# Problem description
Repeat all the lines below exactly, but omit the pictures.

# Data section
+-------+

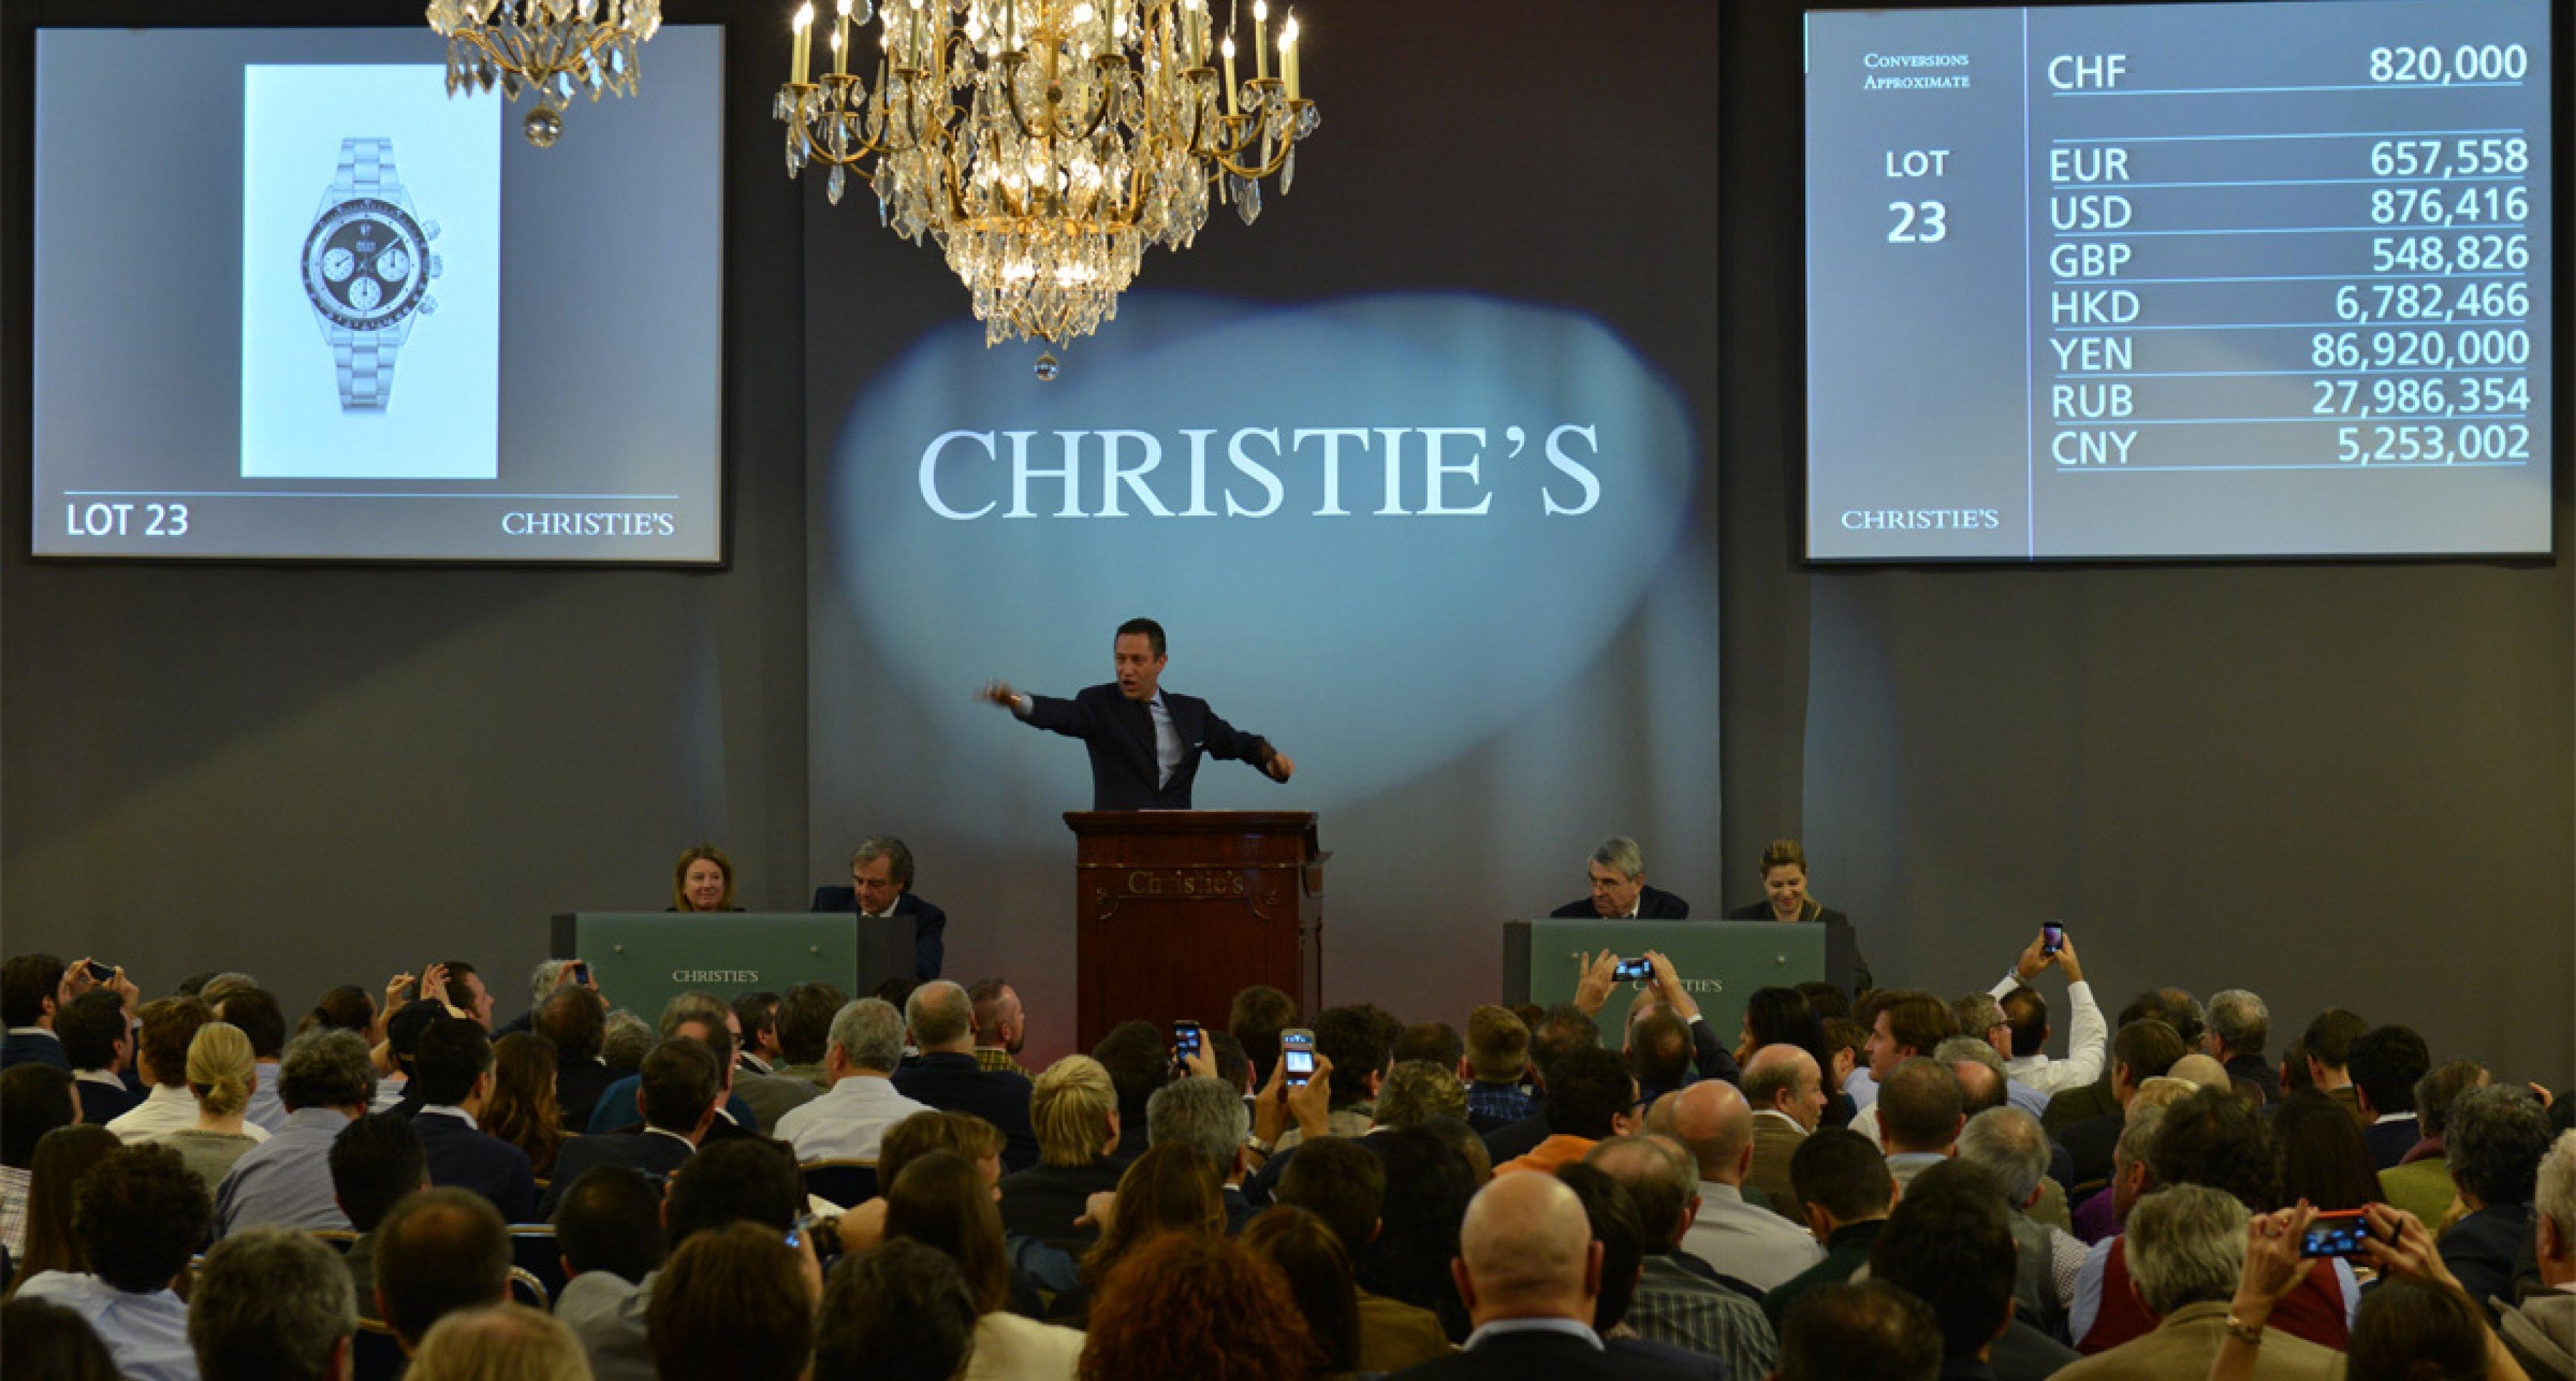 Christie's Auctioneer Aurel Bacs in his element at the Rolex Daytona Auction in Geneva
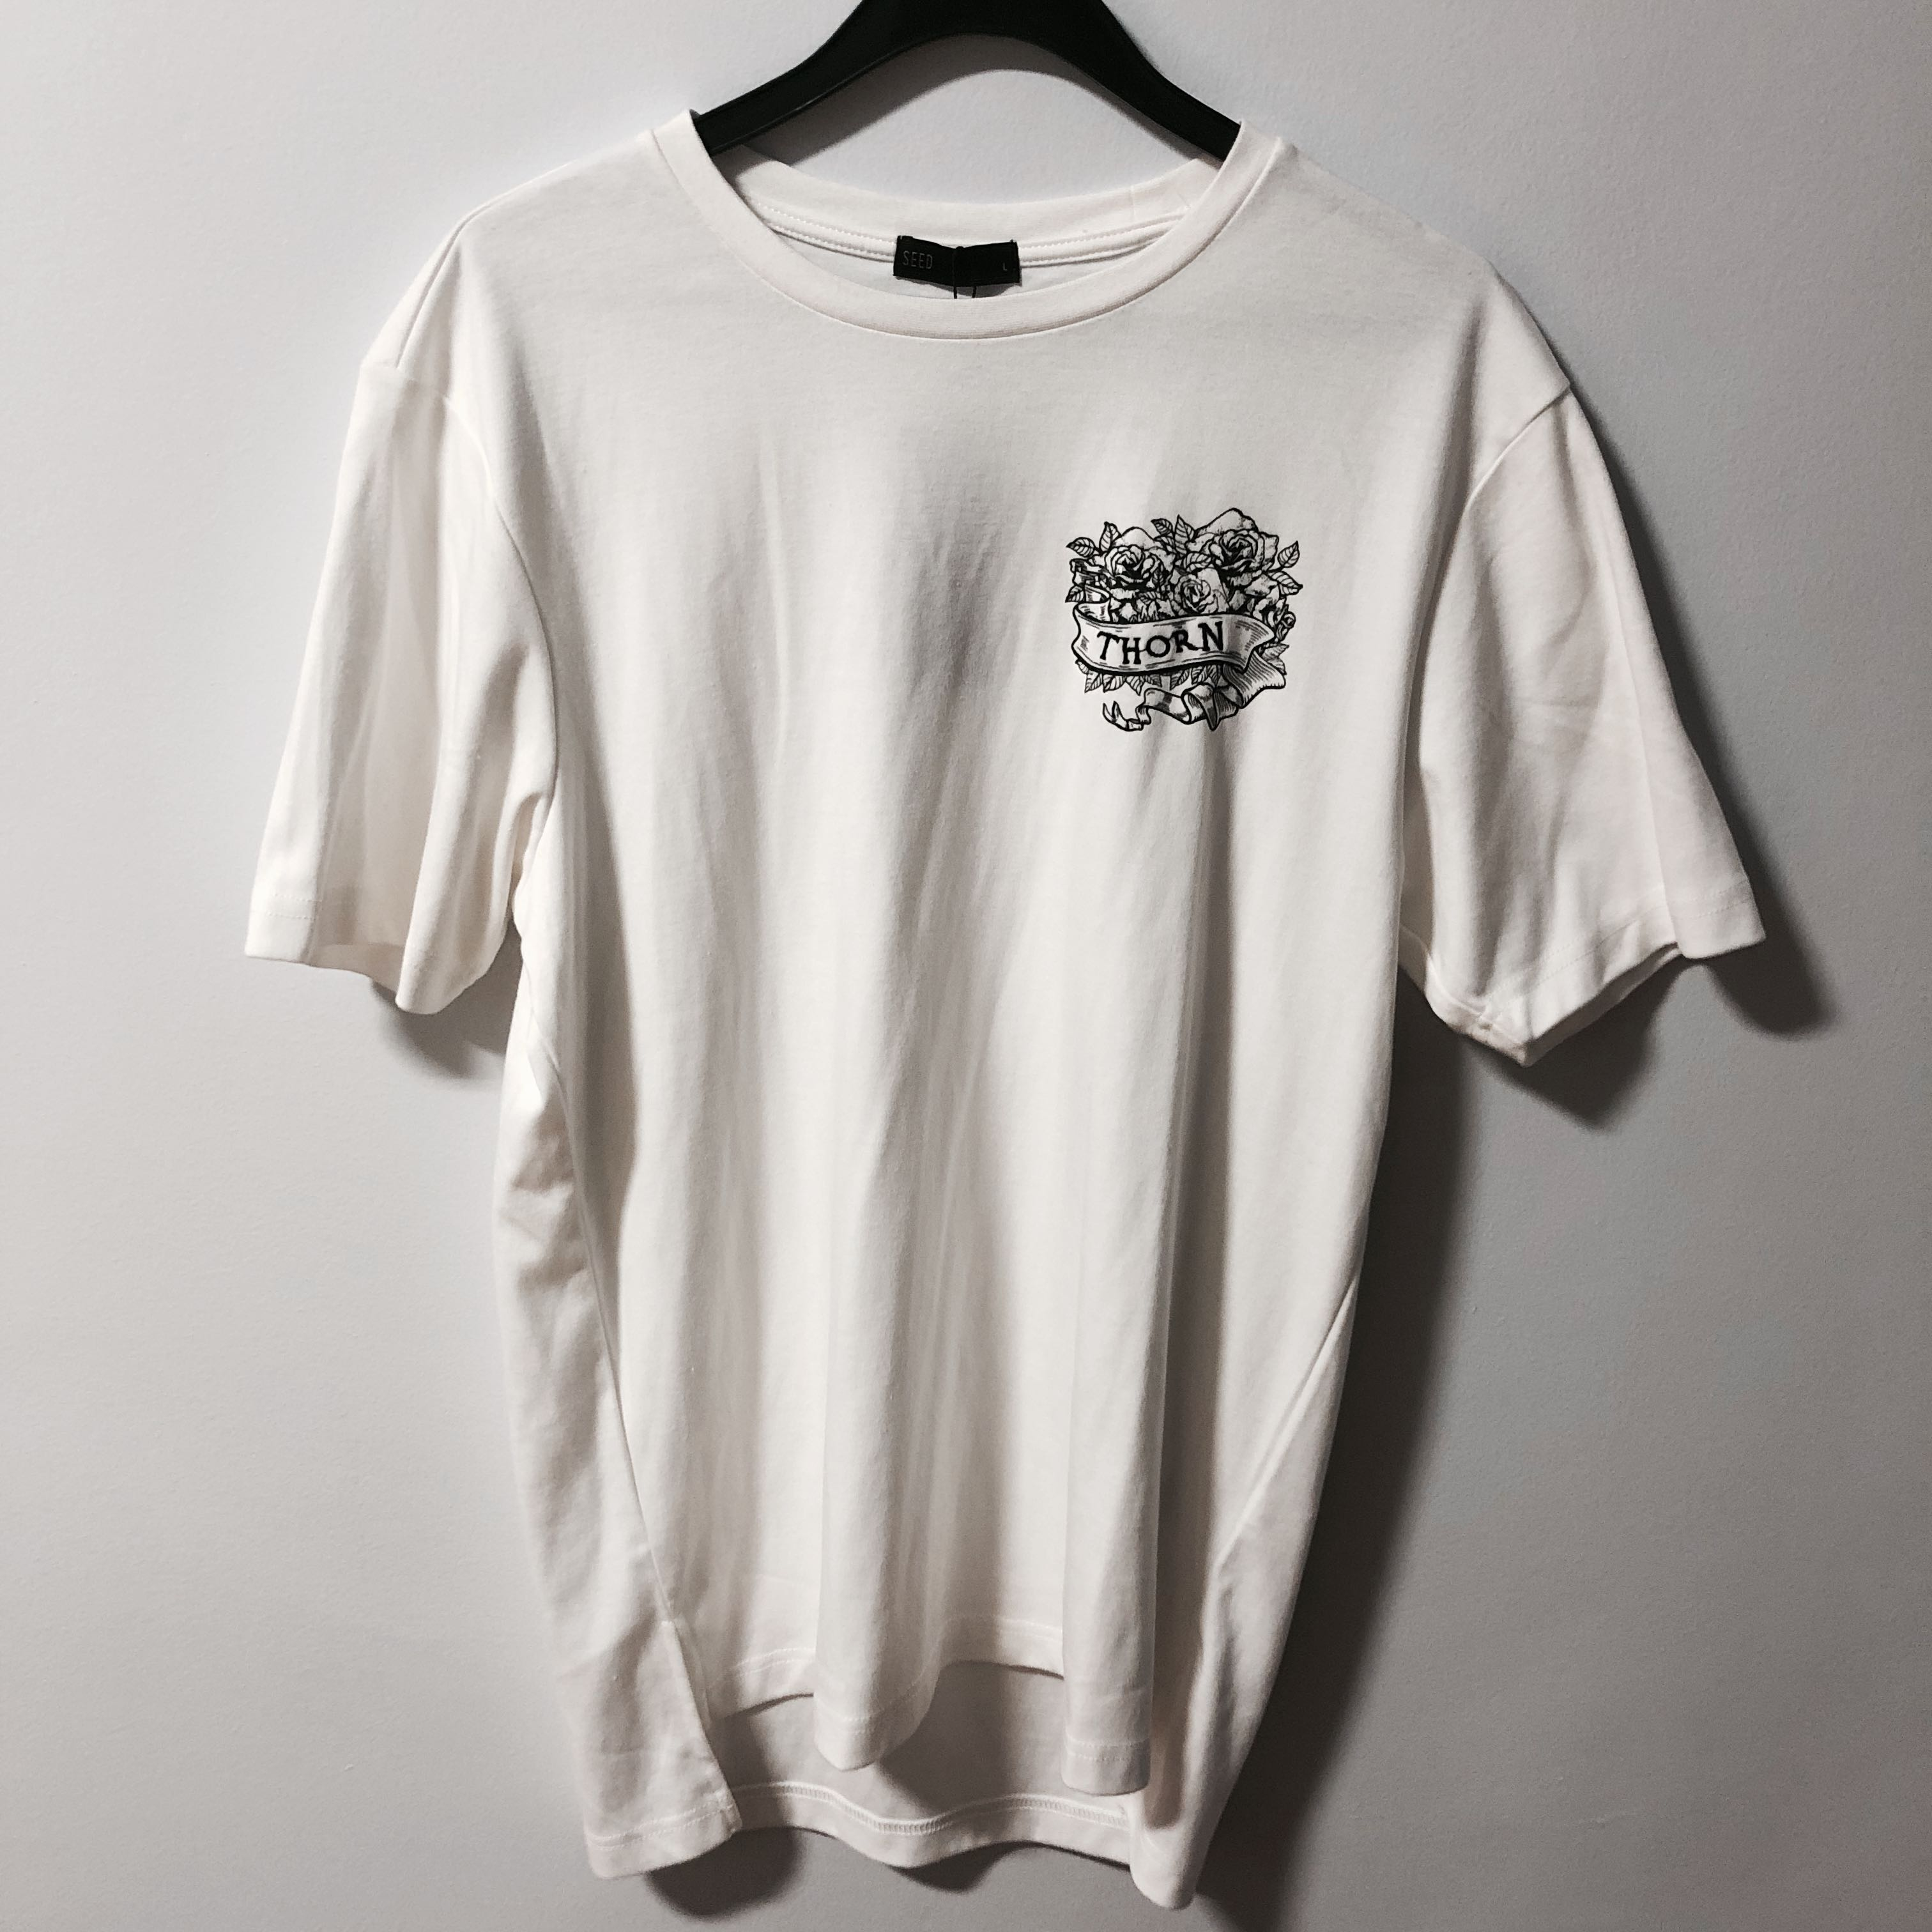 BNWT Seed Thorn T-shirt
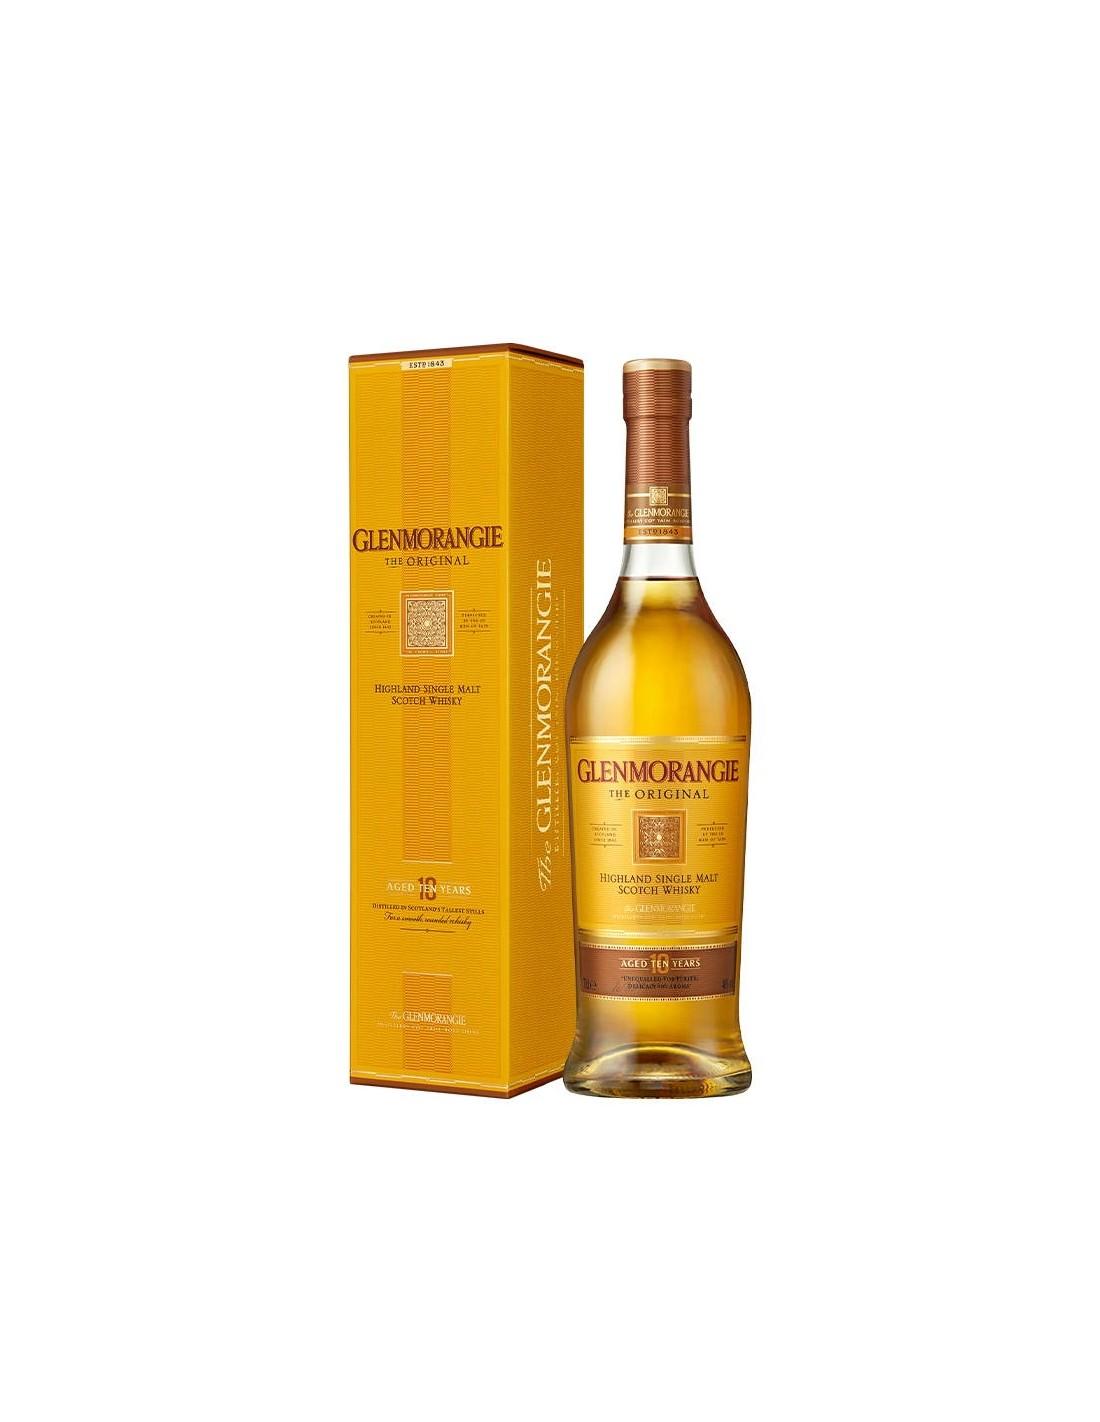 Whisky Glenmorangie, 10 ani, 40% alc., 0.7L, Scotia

+-------+

# Worked solution
 Christie's Auctioneer Aurel Bacs in his element at the Rolex Daytona Auction in Geneva
 BNWT Seed Thorn T-shirt
 Whisky Glenmorangie, 10 ani, 40% alc., 0.7L, Scotia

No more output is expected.